What does this program offer to the EV alumni that a regular workshop doesn’t?
The small class size and focused instructor attention is a luxury that you won’t find in a regular workshop. Because the entire manuscript has been read, the chapters are critiqued not only as individual pieces but their placement in the larger story is also considered. The limited number of participants gives us the benefit of personalizing and tailoring our critiques to be most beneficial based on what we are each trying to accomplish creatively. We’re all EV’s so our writing skills are solid. That frees us up to take utilize our strengths in regards to story and tone. For example, Avi has an instinct for recognizing when to stay in a moment because the reader needs more information to stay engaged, and when to get out of that moment before it starts to drag. Eduardo has this ability to create sensory details, like claustrophobia and sound, without ever mentioning anything in the room that is crowded or noisy. It’s a subliminal thing and weird how it works, but it does.

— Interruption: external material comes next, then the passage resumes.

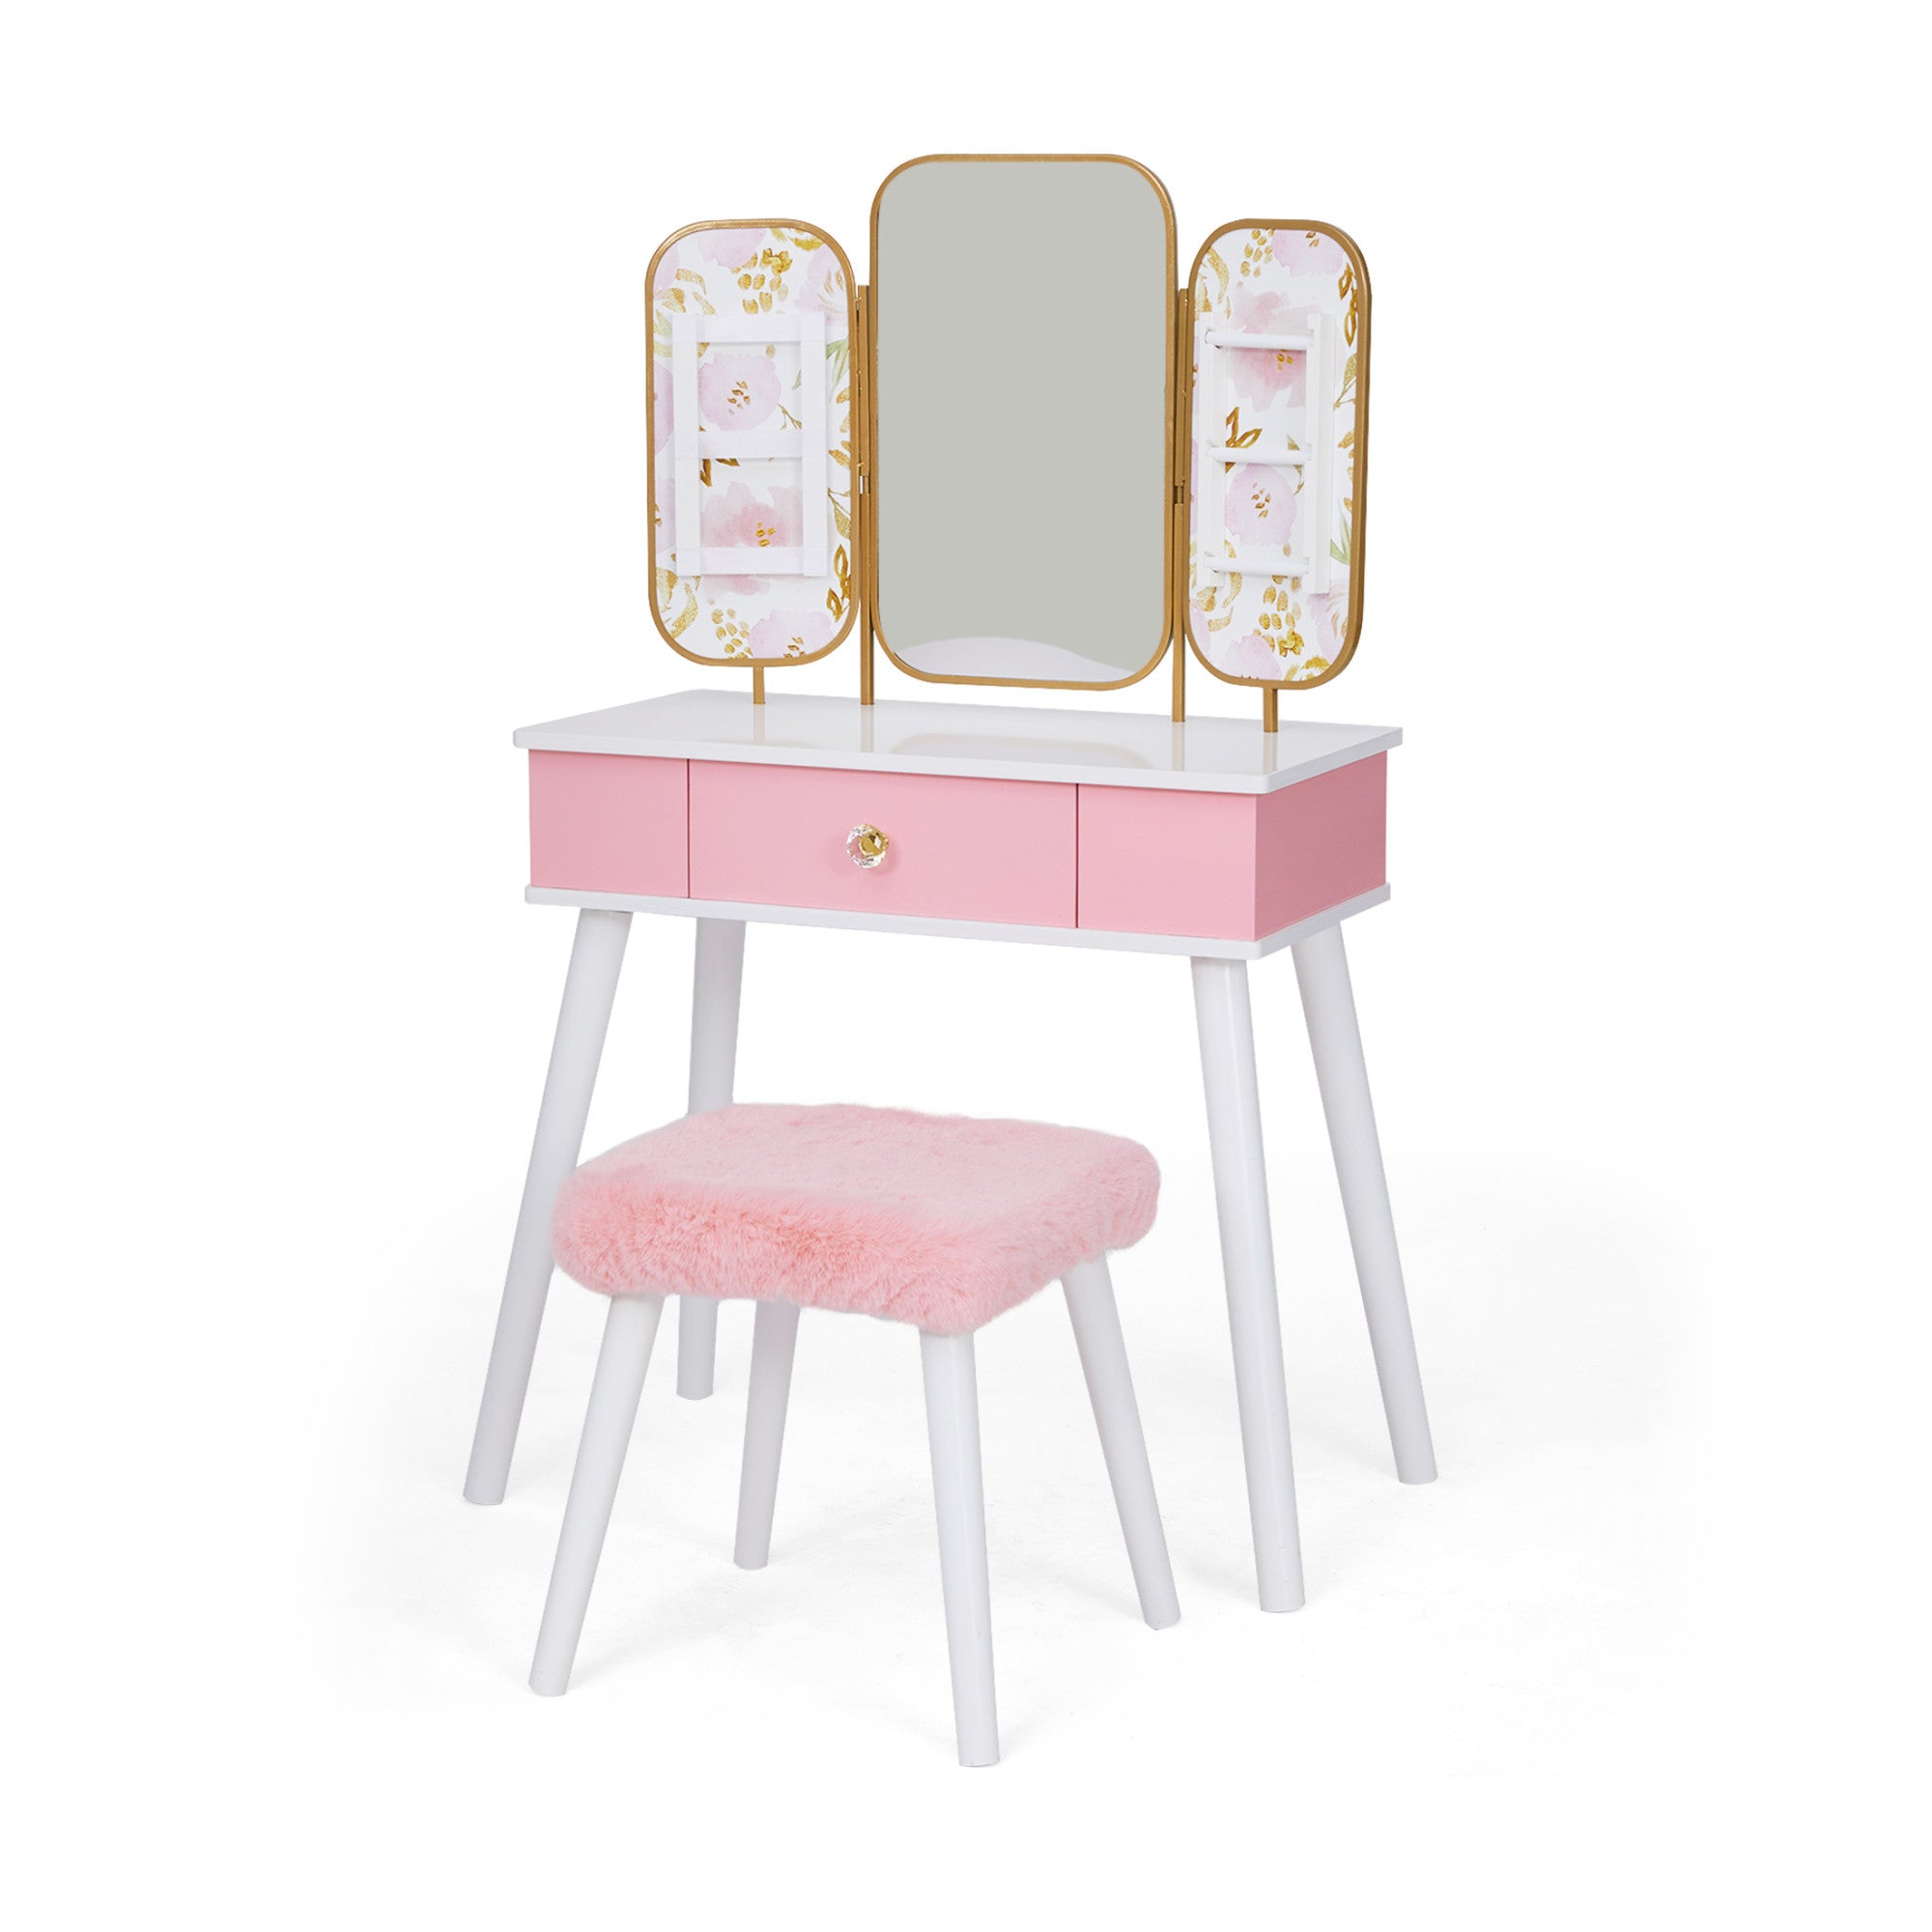 Fantasy Fields Little Lady Izabel Medium Floral Play Vanity Set with Matching Stool & Removable Faux Fur Cover, Floral Printed Panels, & Storage Drawer, White/Pink

Can you leave us with one writing tip you have learned from the program?
In the middle of my freak-out, when I almost turned Renata into a vengeful cemetery-dwelling Tarot reader who dreamt of dead people, I asked Diana for help. She shared her insight about how it is natural to get to the point where you are bored with your work or reach a point of saturation and self-doubt. She then asked a simple question: “Why is this story essential reading?” Answering that brought back the energy and commitment I had when I started writing the novel five years ago. I wrote it as a remedy for loneliness, to show a different path toward happiness. Remembering that at one point I needed that remedy keeps me going.